Material provided:
[Start of section]

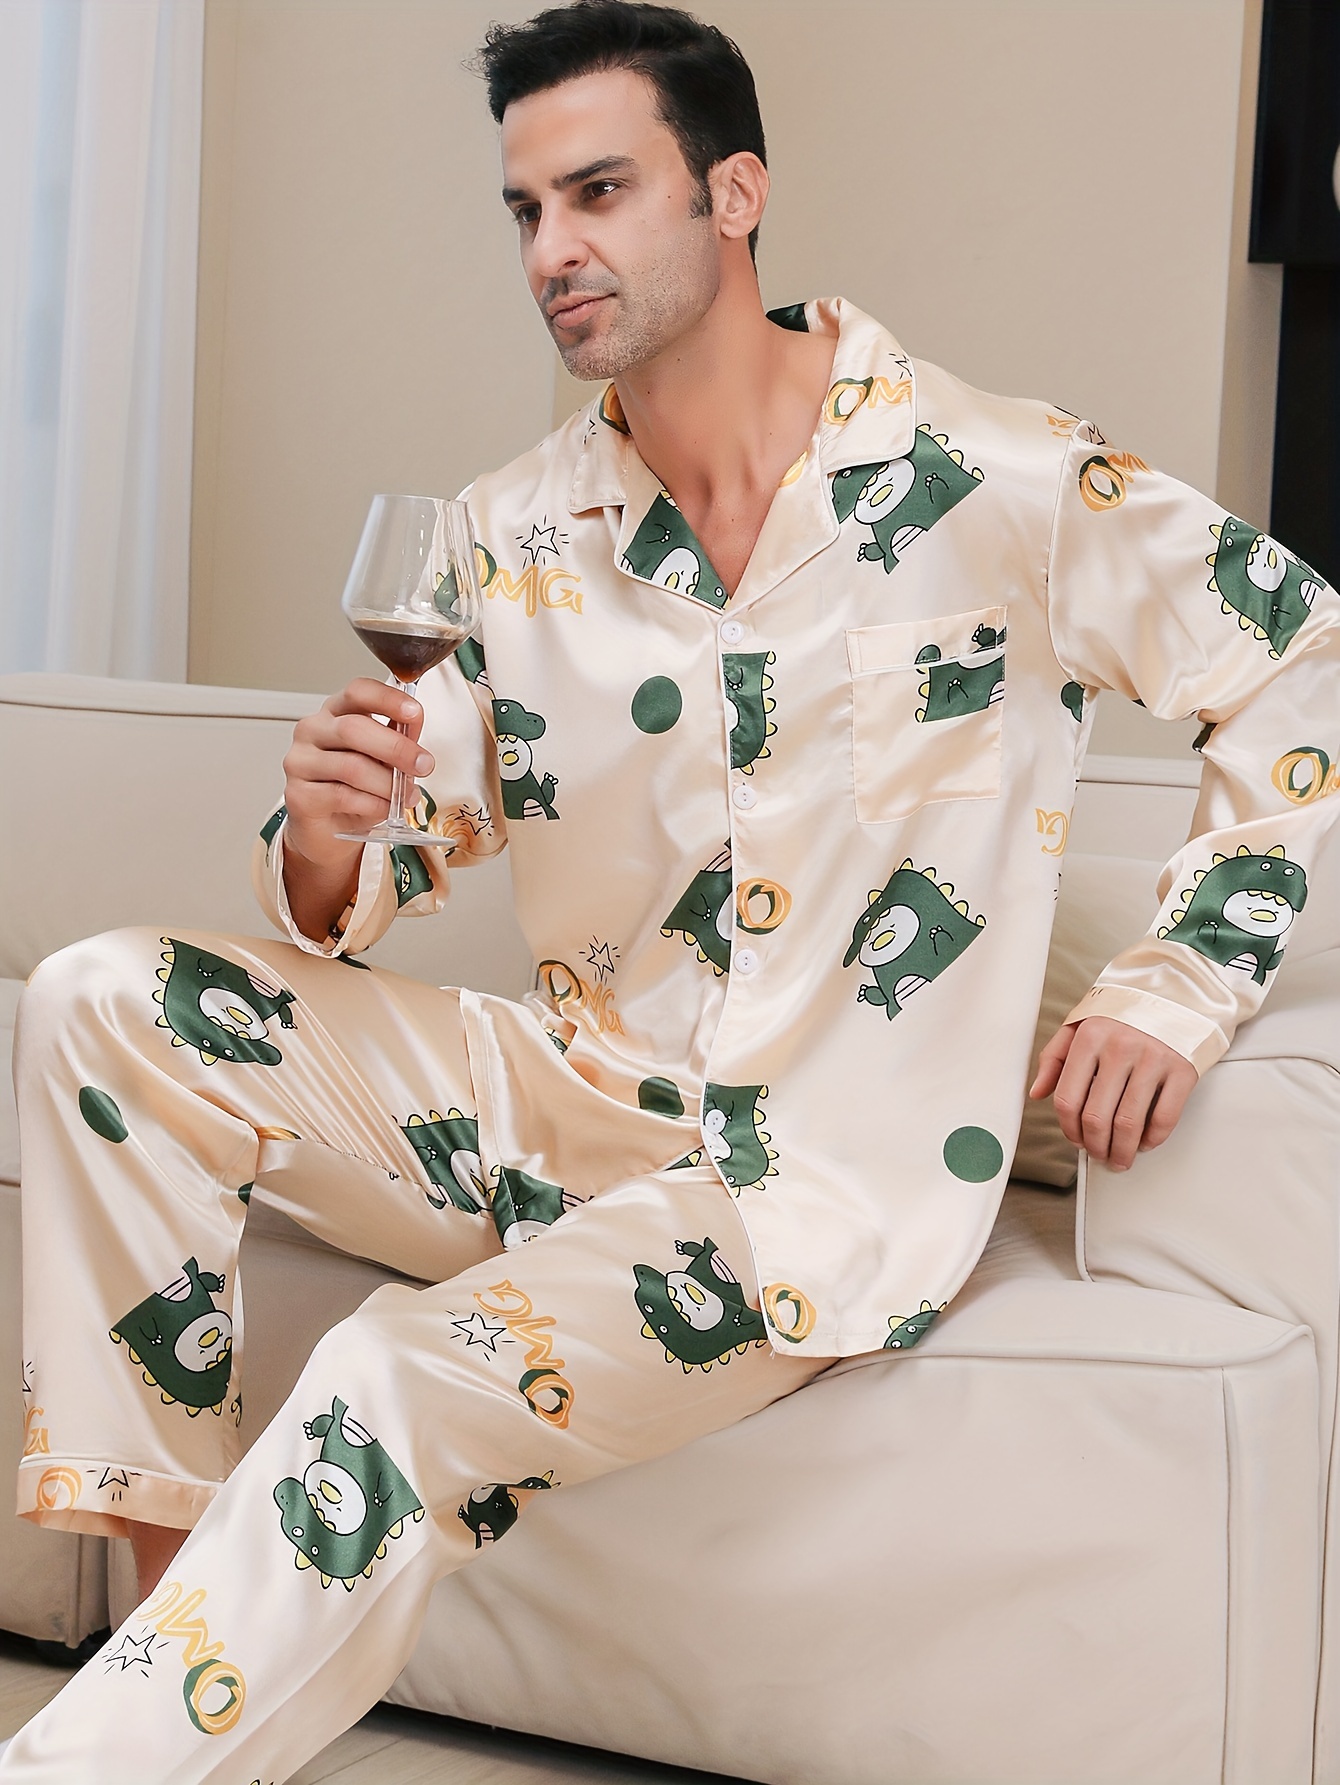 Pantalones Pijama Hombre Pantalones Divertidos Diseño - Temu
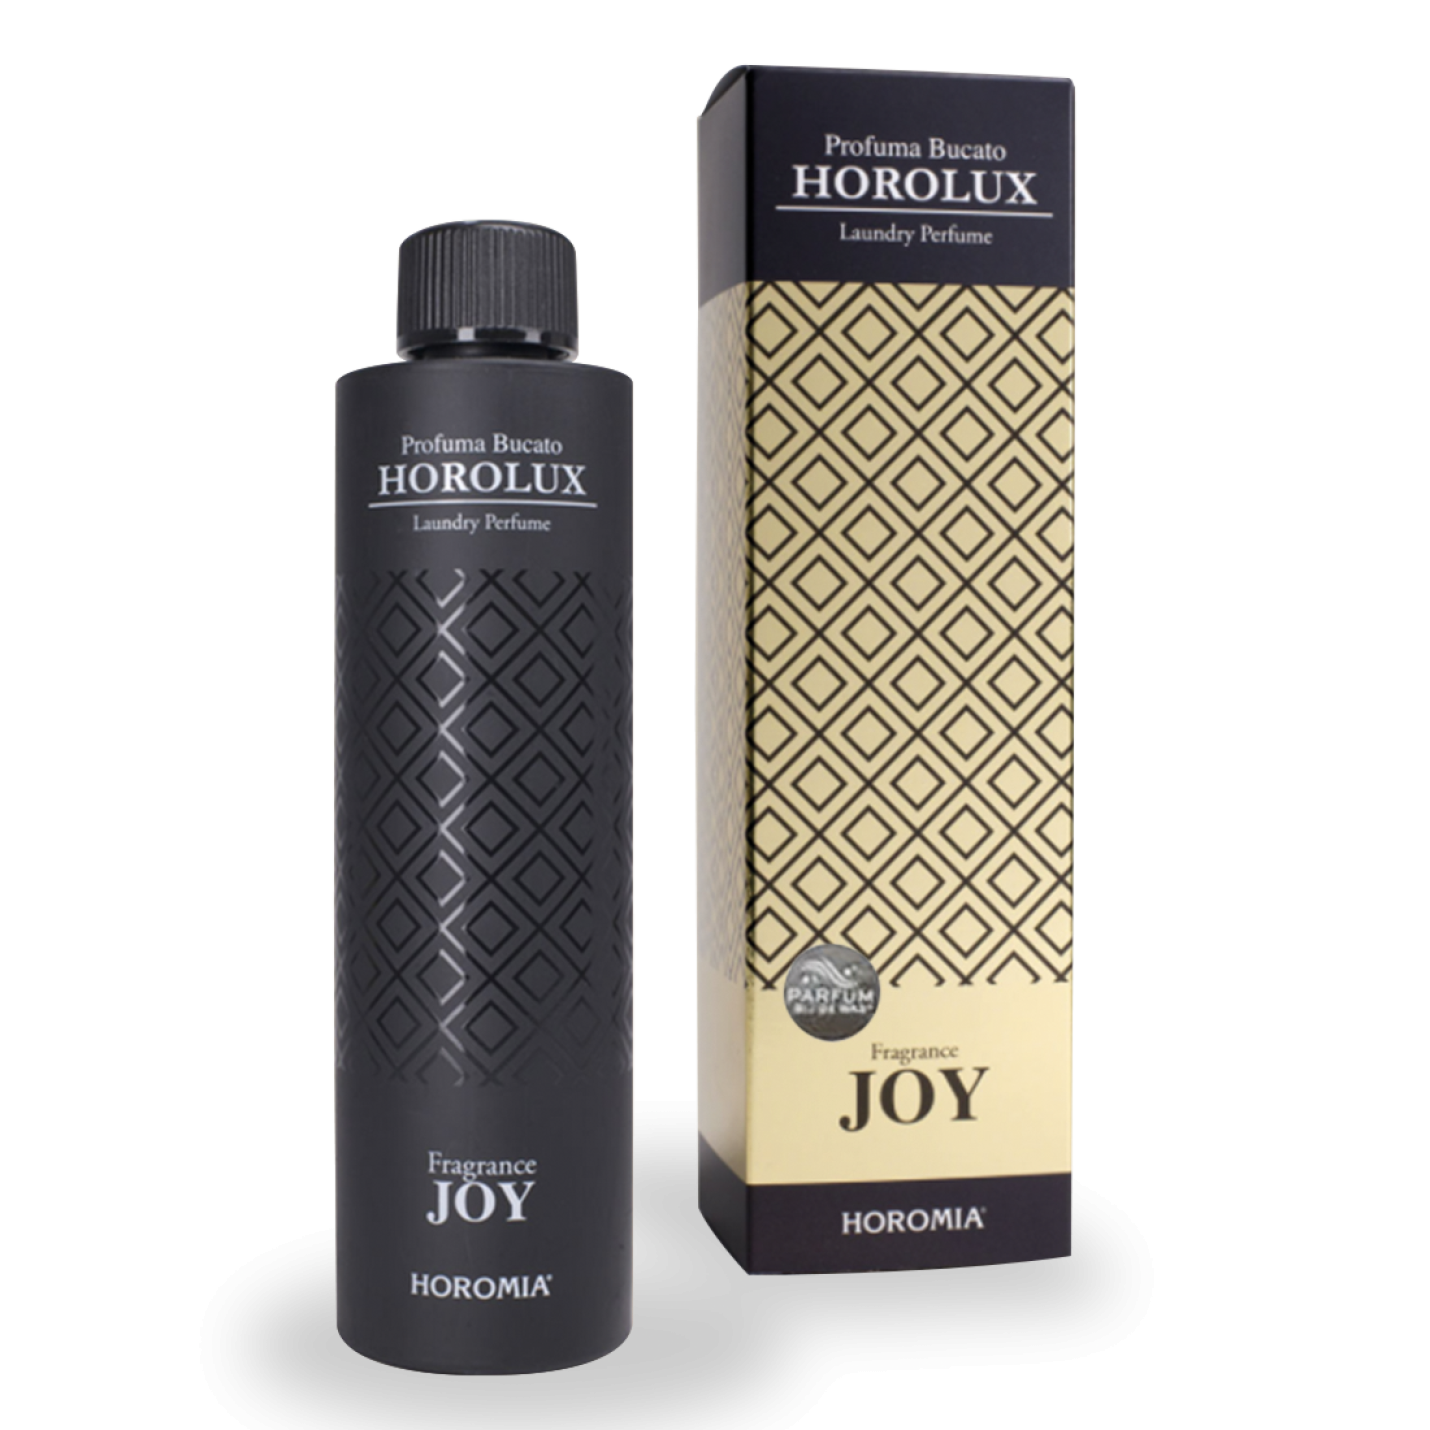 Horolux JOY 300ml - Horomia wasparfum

[End of section]
[Start of section]

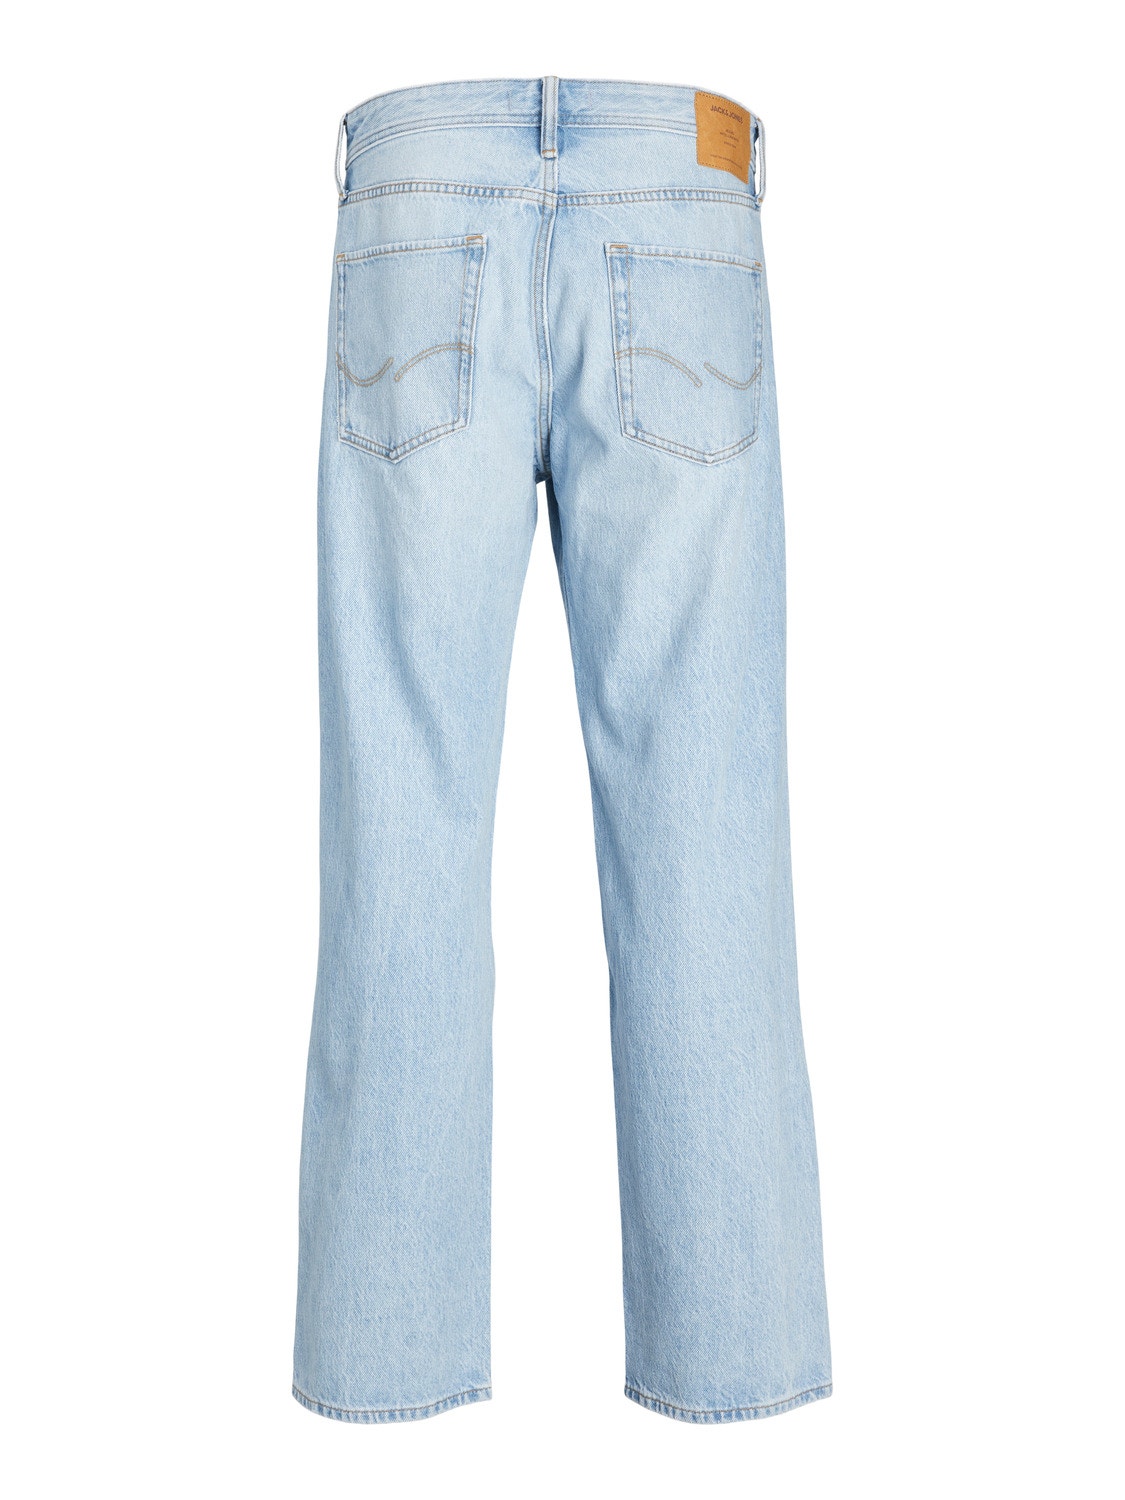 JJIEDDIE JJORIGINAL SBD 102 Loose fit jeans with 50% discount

[End of section]

Assignment:
Output exactly the lines above, from the line with "Pantalones Pijama Hombre" to the line with "Horolux JOY 300ml - Horomia wasparfum", both included; skip the pictures.

Reply to the task:
 Pantalones Pijama Hombre Pantalones Divertidos Diseño - Temu
 Horolux JOY 300ml - Horomia wasparfum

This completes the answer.